» **DATA PROVIDED**:
= = = =

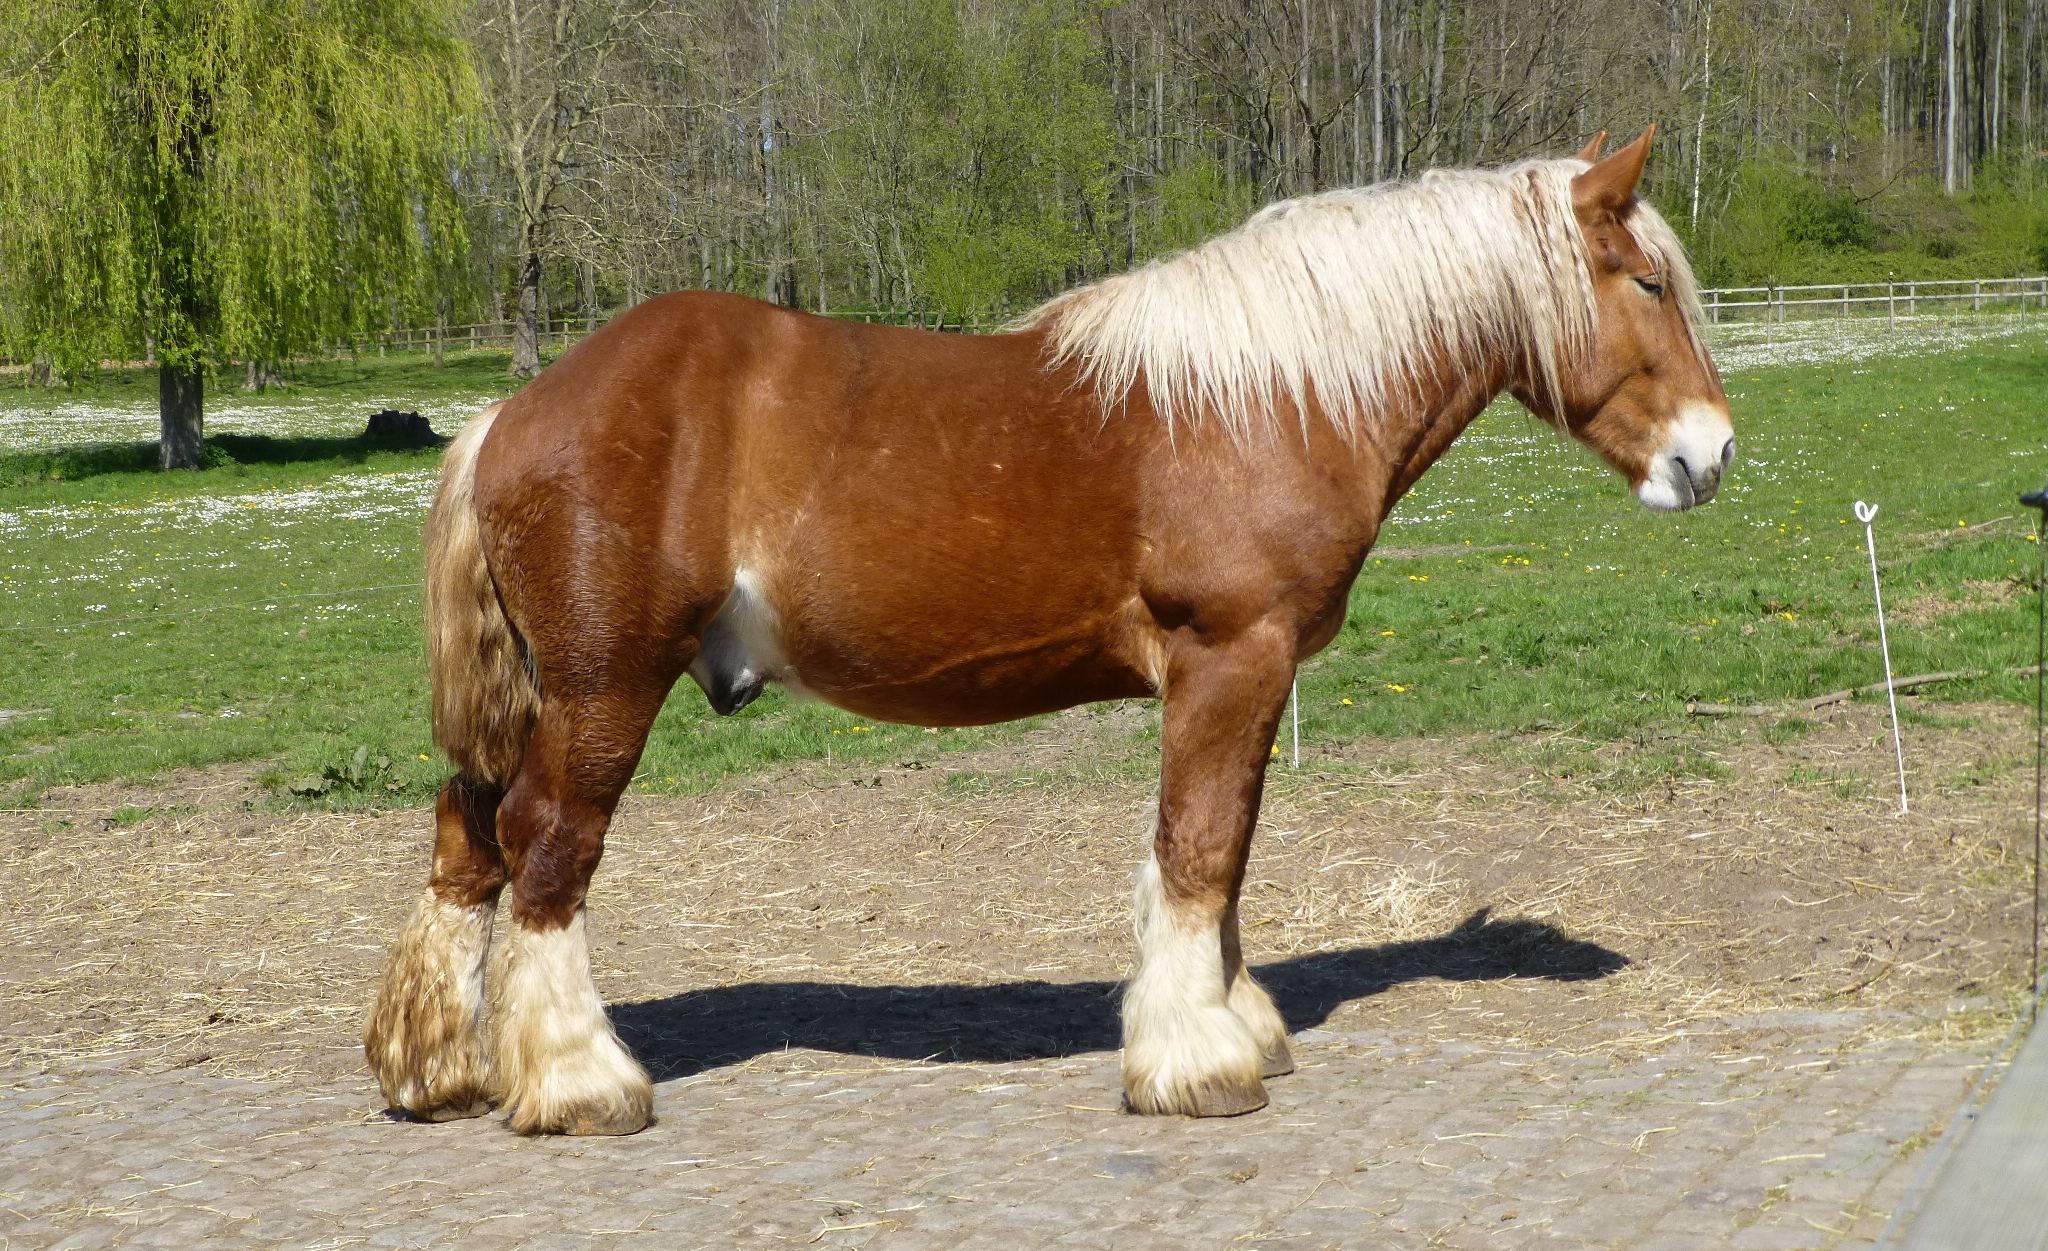 Flemish Horse Profile: Facts, Traits, Groom, Care, Health, Diet
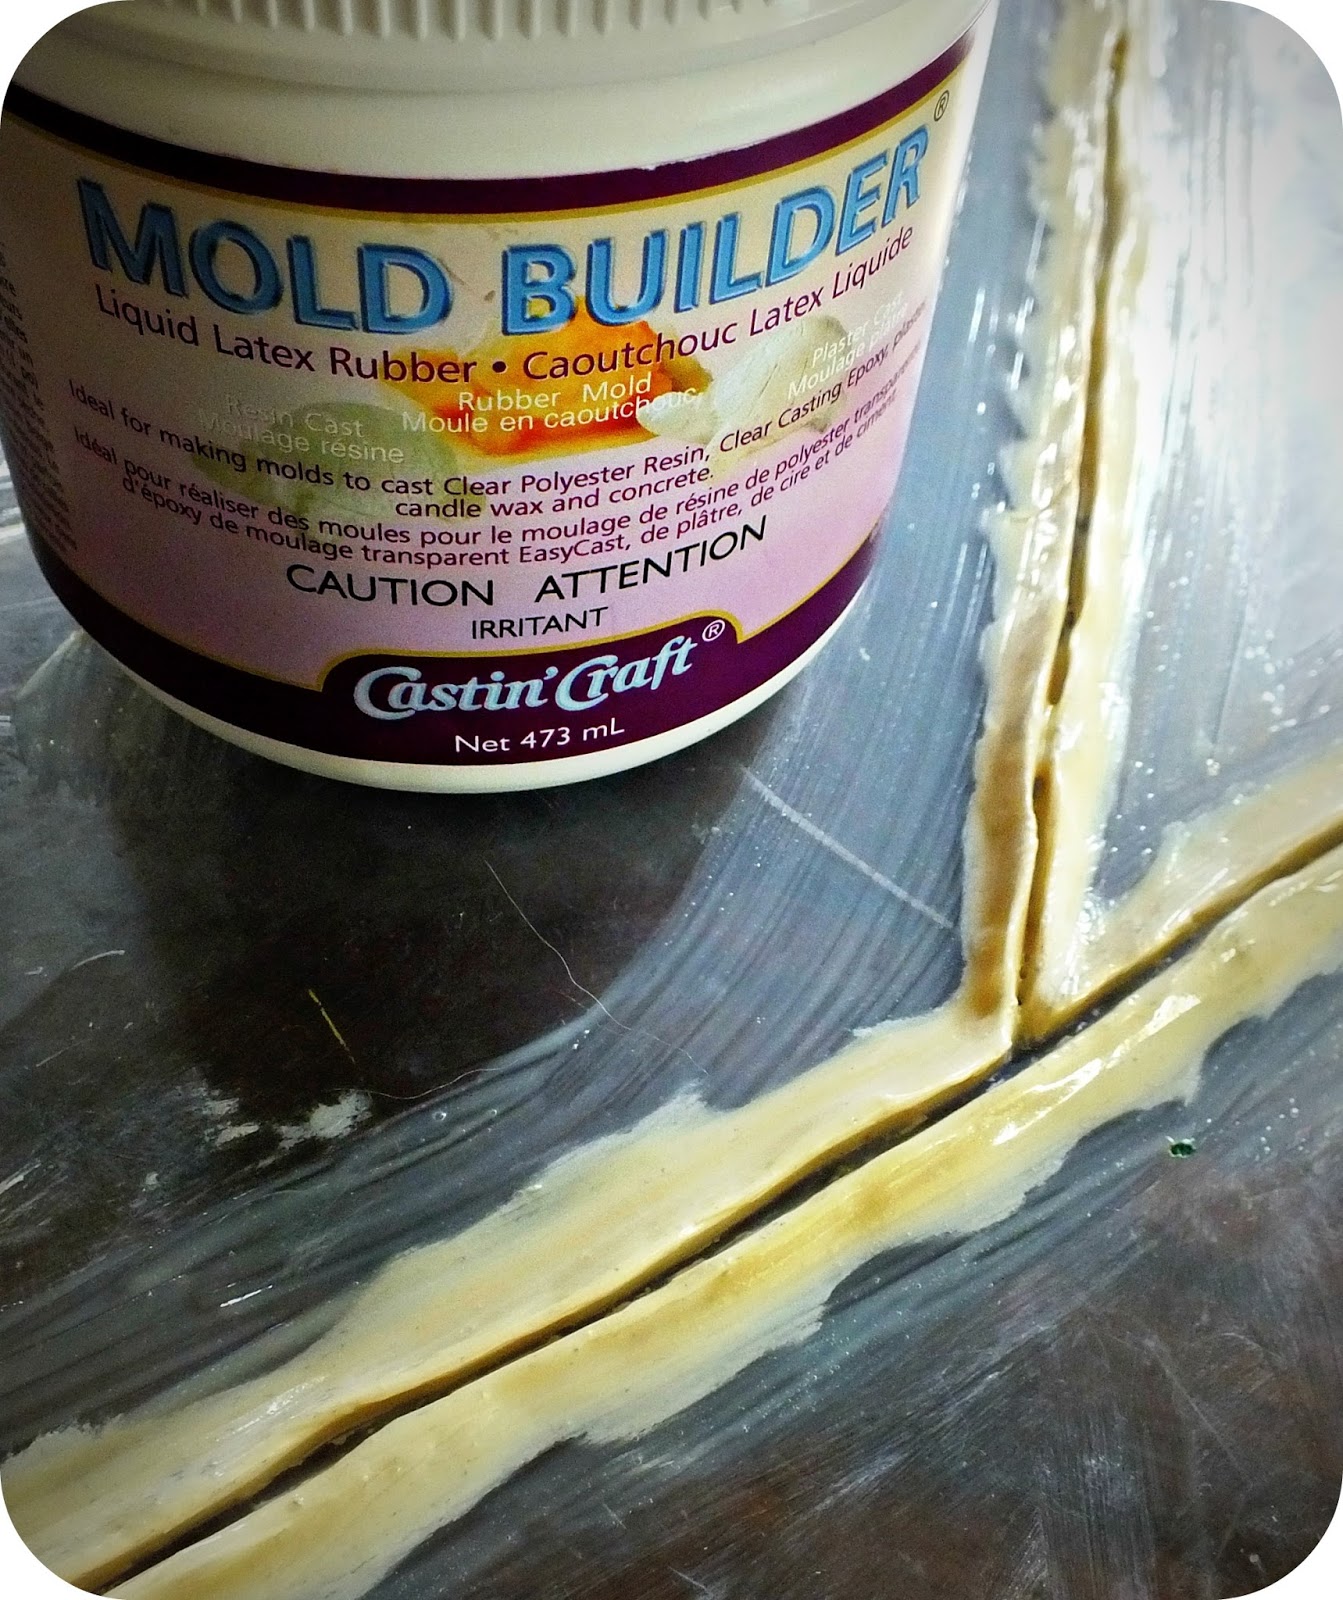 How to Use Mold Builder Liquid Latex Rubber 
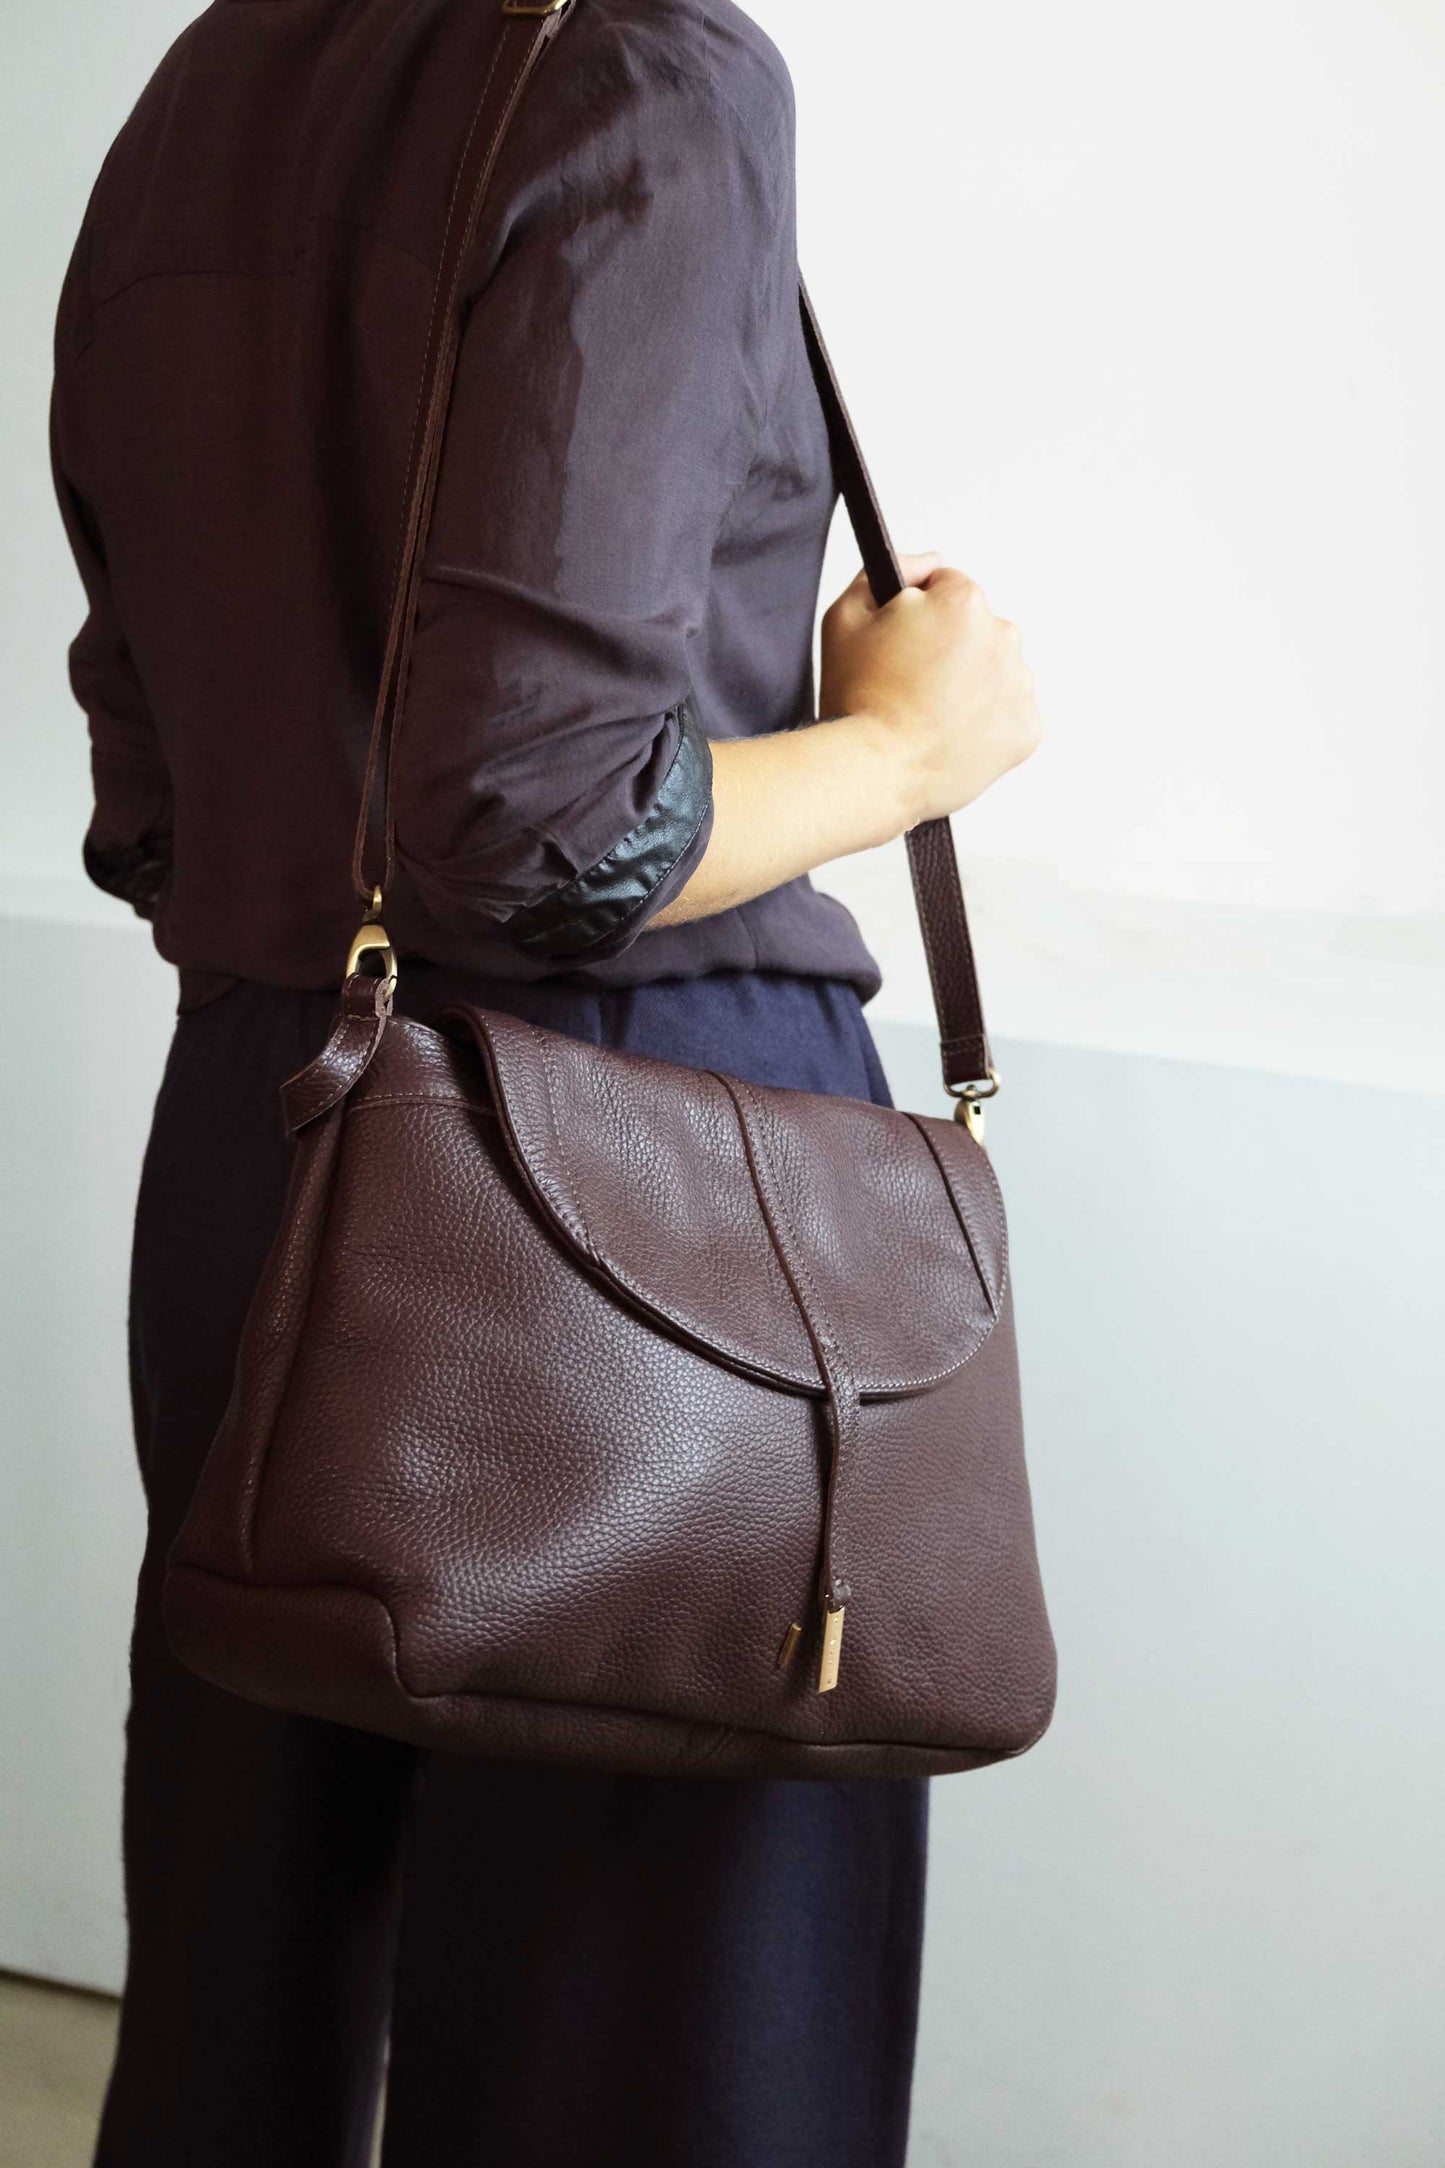 Do Torchon saddle bag in leather with natural grain

= = = =

» **TASK OBJECTIVE**:
Omit the pictures, and quote the material above exactly as given.

» **SOLUTION TO THE PROBLEM**:
 Flemish Horse Profile: Facts, Traits, Groom, Care, Health, Diet
 How to Use Mold Builder Liquid Latex Rubber 
 Do Torchon saddle bag in leather with natural grain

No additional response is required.